» Task prompt
The answer must restate the listing word for word, without its images.

» Collected data

===============

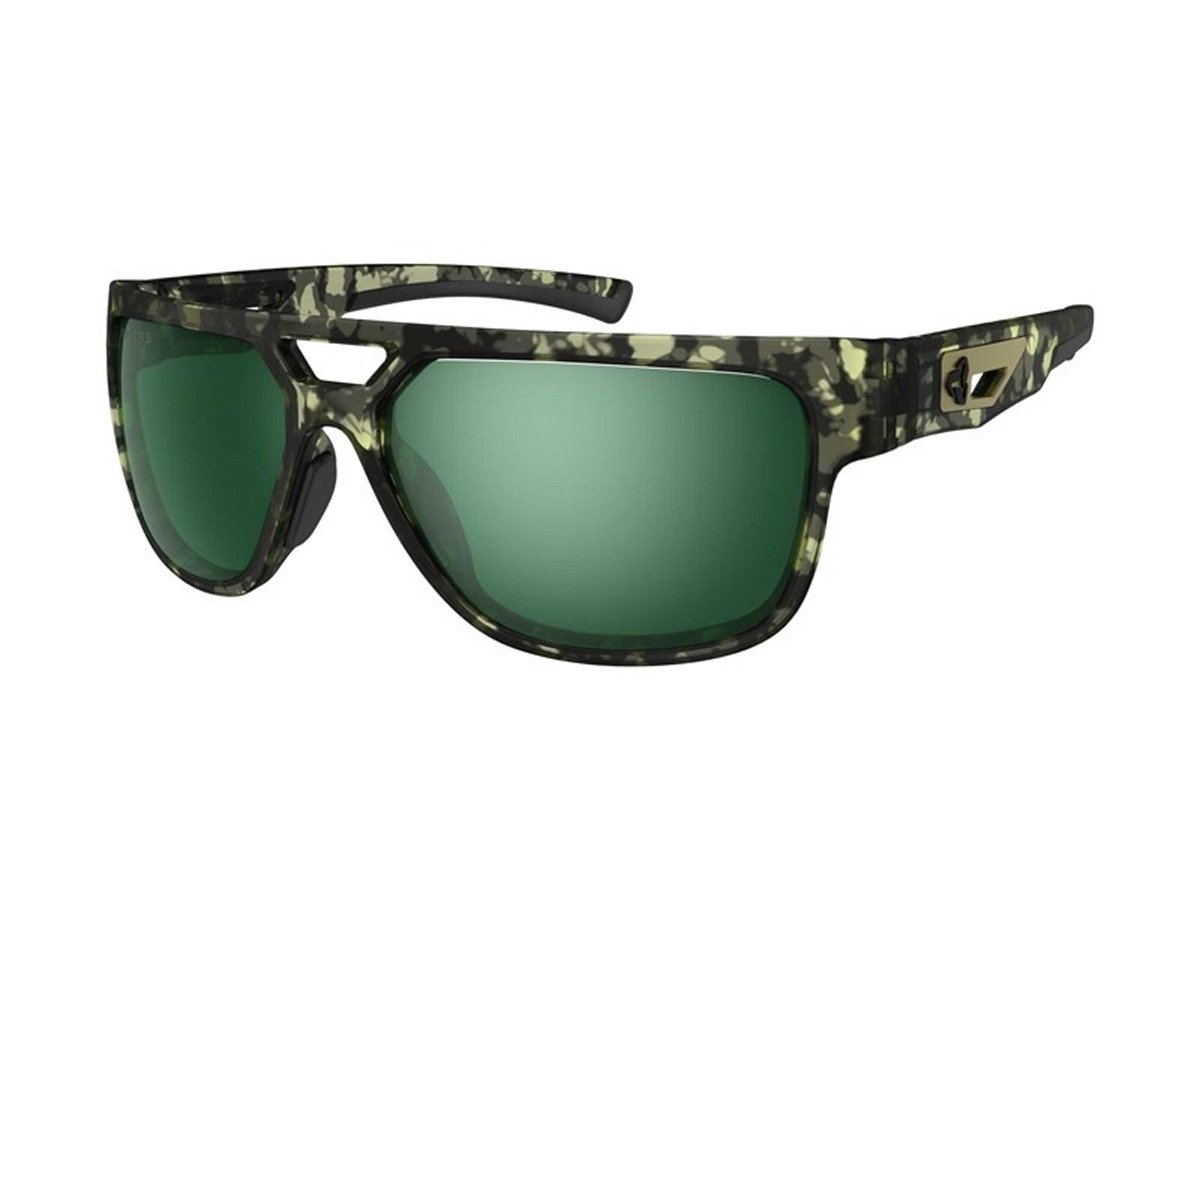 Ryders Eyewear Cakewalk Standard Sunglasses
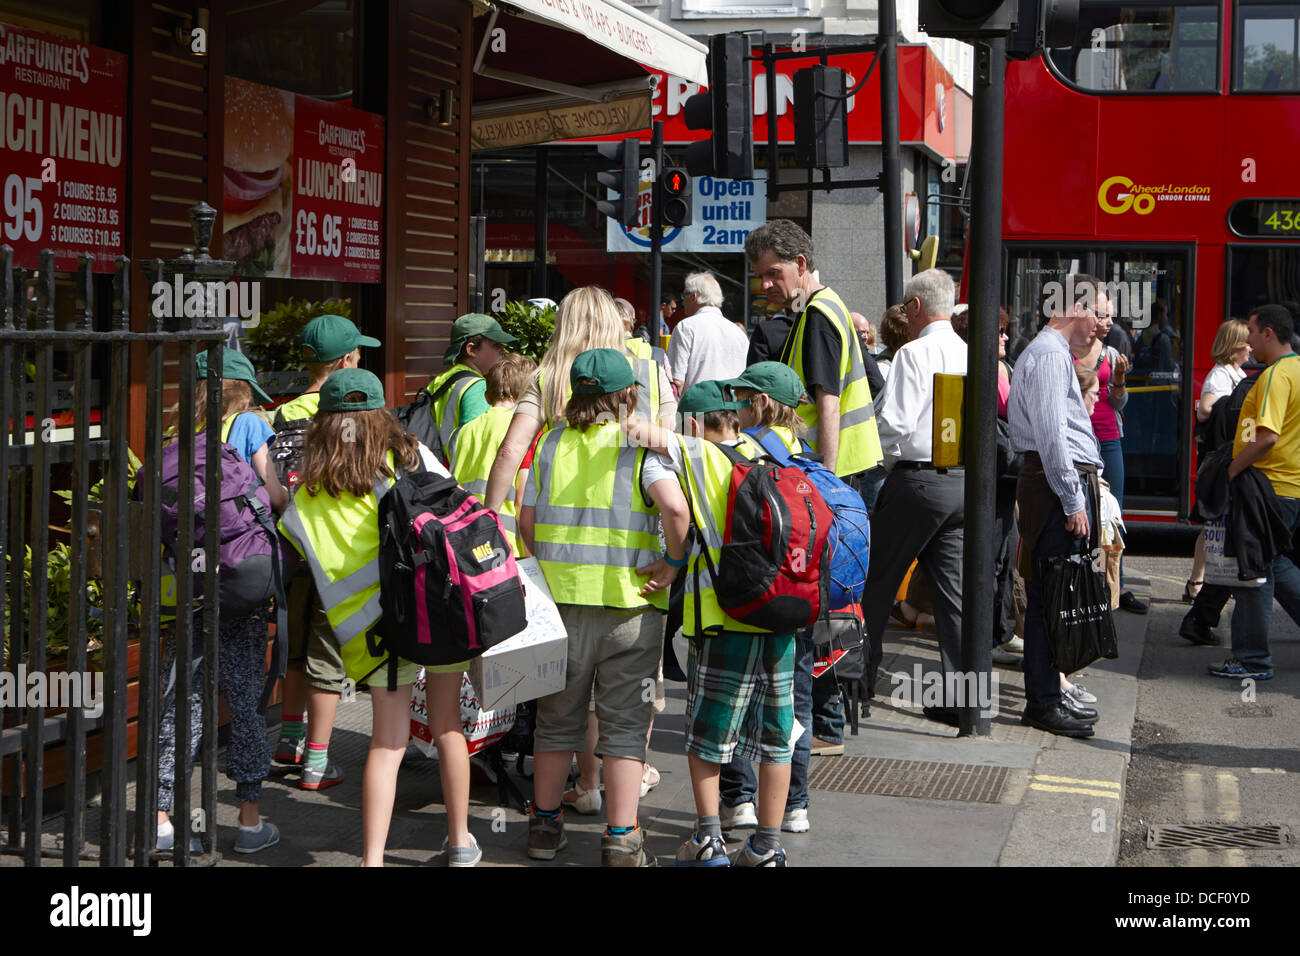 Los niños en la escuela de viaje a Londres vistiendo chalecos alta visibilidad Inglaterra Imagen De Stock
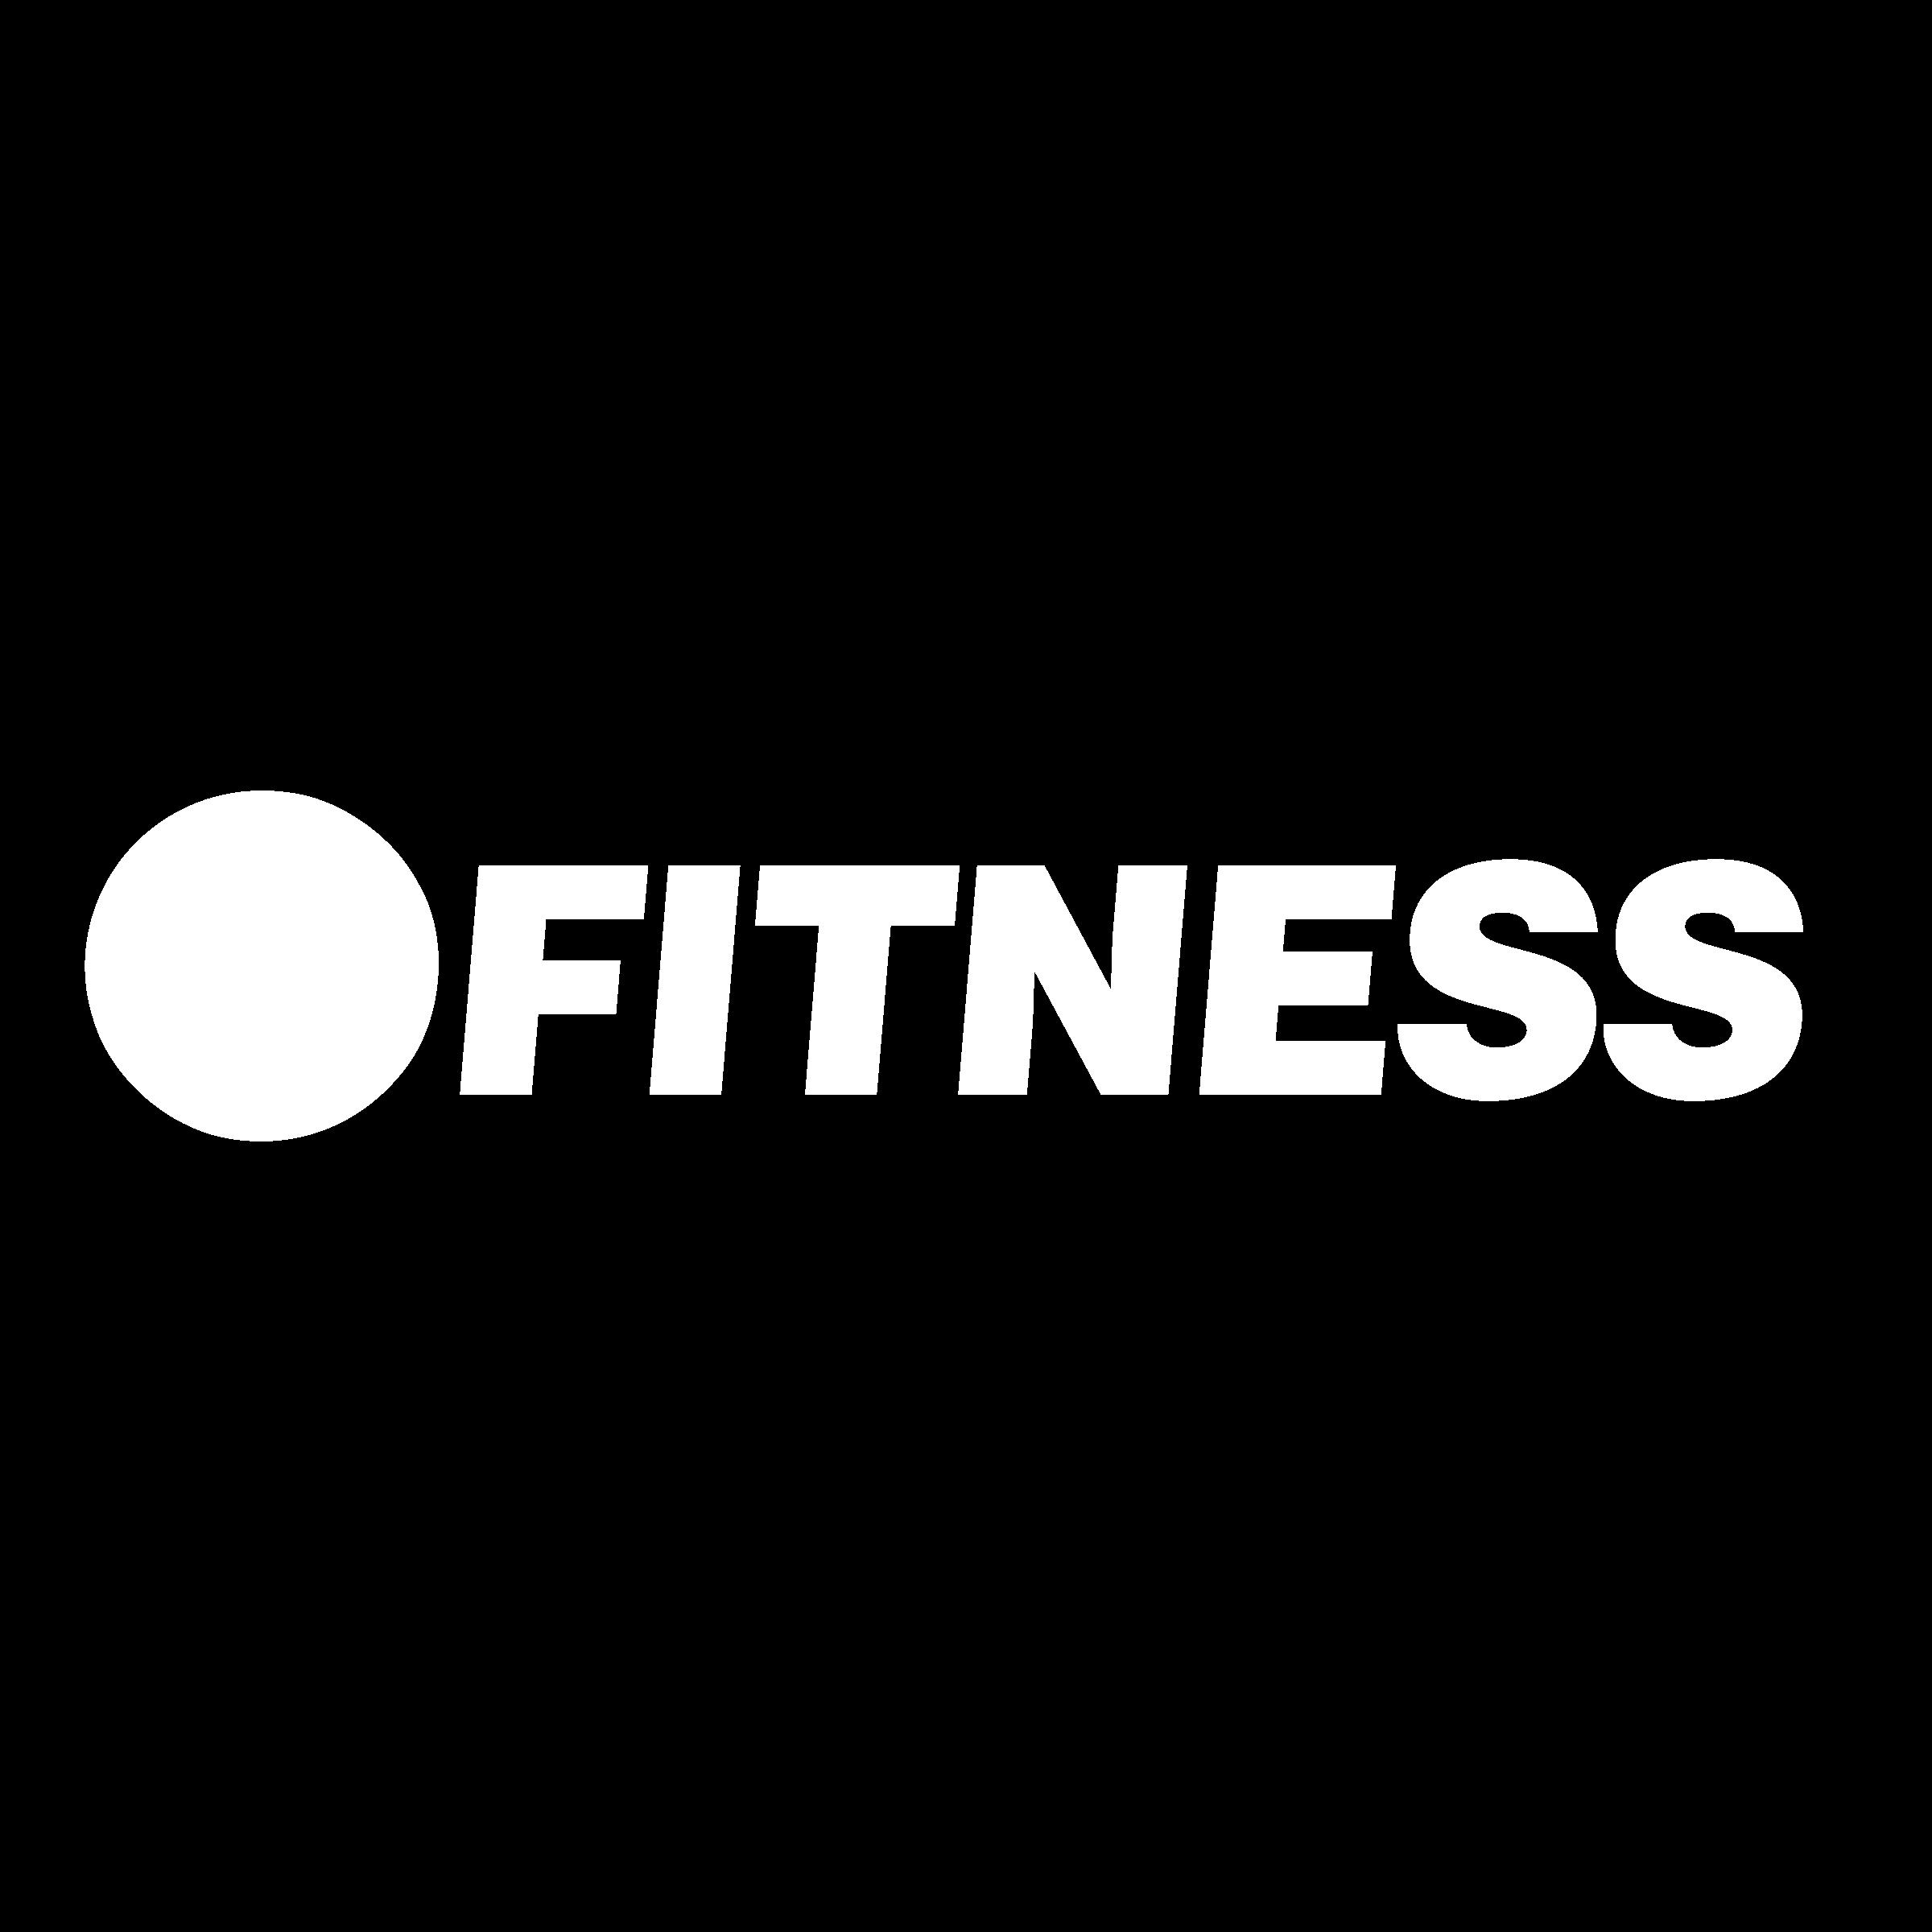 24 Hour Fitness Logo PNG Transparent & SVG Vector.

===============

» Solution for this problem
 Ryders Eyewear Cakewalk Standard Sunglasses
 Los niños en la escuela de viaje a Londres vistiendo chalecos alta visibilidad Inglaterra Imagen De Stock
 24 Hour Fitness Logo PNG Transparent & SVG Vector.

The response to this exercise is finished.